麥修澤略一猶豫,終還是沒有攔她,陪她下樓。

這是近一段時間,麥修澤第三次來太平間了。第一次是鐘遠山,第二次是鐘文昊,第三次卻萬萬沒想到會是……晏西。

麥修澤始終走在佟羌羌斜後方半步距離的位置,只在進出電梯和進出門的時候,走快一步幫佟羌羌都帶好路。他也一路小心翼翼地觀察佟羌羌的表情。

然而沒有表情。

直到遠遠地看到墻上那個“奠”字,捋了捋自己的頭發,又整了整自己的衣服,唇邊泛起笑容,望向麥修澤,問:“怎樣?我看起來會不會不太精神?”

她身上穿著的其實還是昨天的衣服,有點皺,頭發倒還好,剛剛從病房出來前,她用梳子梳過了。只是她的臉色有點白,嘴唇也幹幹的,即便掛著笑容,氣色也沒有太好。

除去母親過世的那一年,麥修澤作為大男人已經好久沒有想哭了,今天卻被佟羌羌惹得?子發酸。略一斂,他故意摸著下巴大量她,爾後笑了笑:“很漂亮。”

“好,謝謝你。
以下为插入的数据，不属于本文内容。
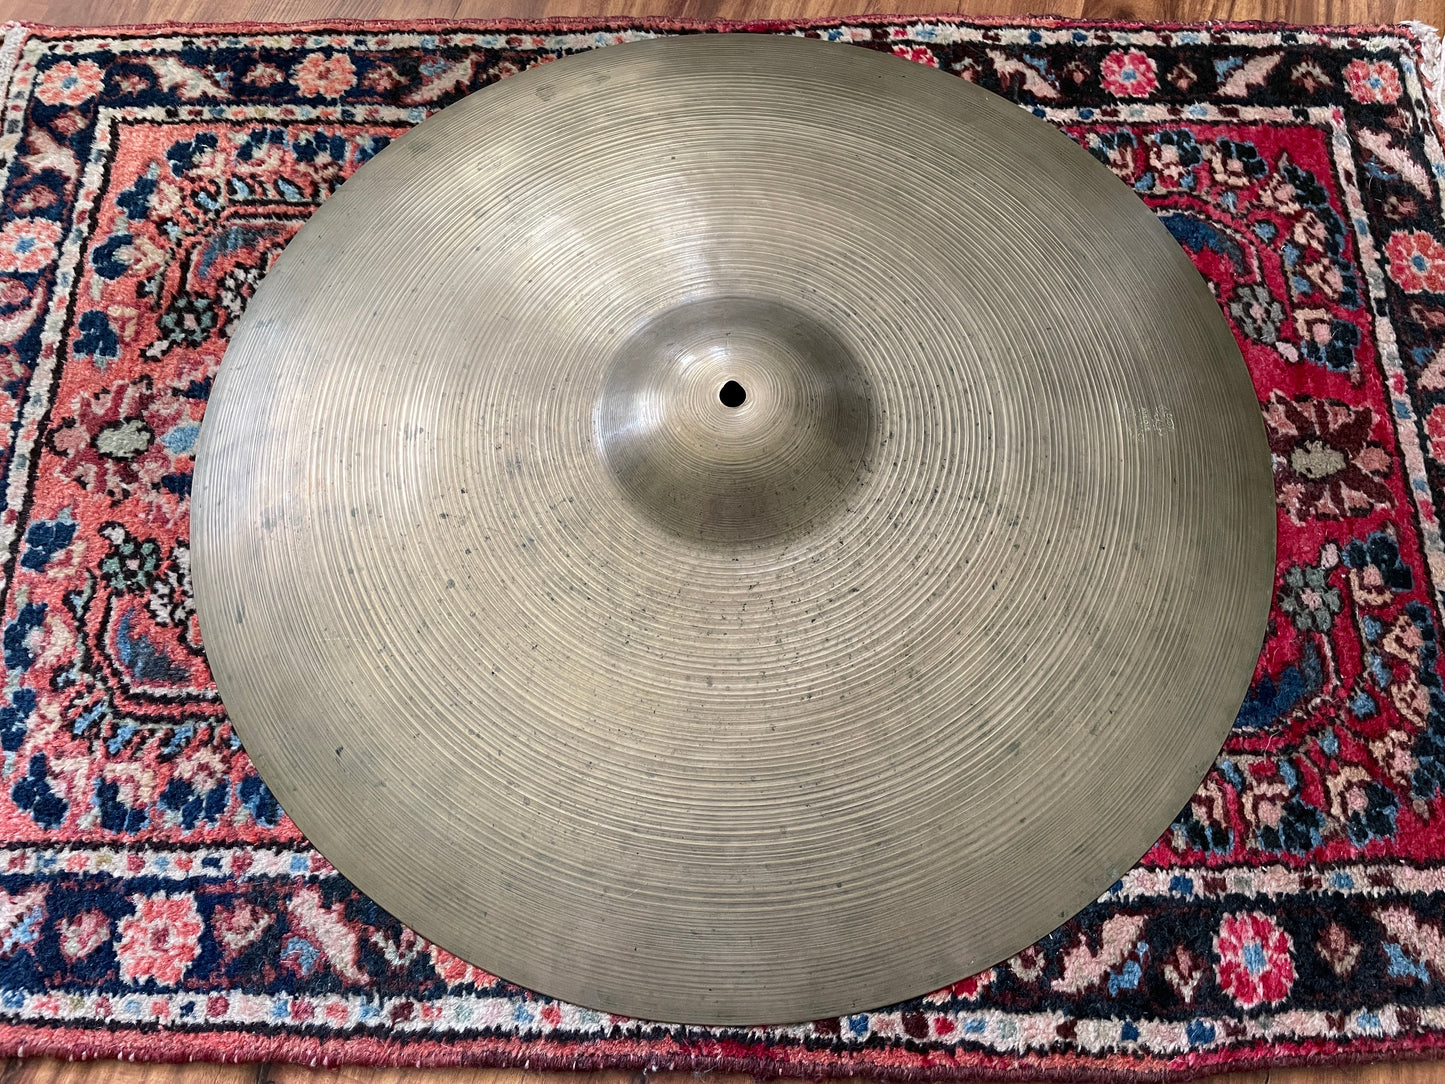 22" Zildjian A 1960s Ride Cymbal 2554g #778 *Video Demo*

”佟羌羌這才似放了心一般,繼續自己的步子。

未及他們走進去,裏面有三個人率先走出來。

全都國字臉板寸頭,皆著黑色的衣服。為首的那個正是之前見過的晏西的小舅舅。

小舅舅自然也認得佟羌羌。

碰面的瞬間,兩人都停了下來。

佟羌羌盯著小舅舅手裏捧著的紫檀木骨灰盒,一整串的淚珠子立馬滑出眼眶:“為什麽不等我……為什麽連最後一面都不讓我見……為什麽……”

小舅舅和麥修澤無聲地對視一眼,沒有說話。

佟羌羌擡起手臂,顫抖著手指,緩緩地摸了上去:“你們要帶他去哪裏……”

“回家。”答完,大概是意識到過於簡略,也過於冷硬,小舅舅緩了緩語氣,道:“得按家裏的習俗辦。已經給他擺了靈堂,請了師傅,超度之後,要進祠堂。”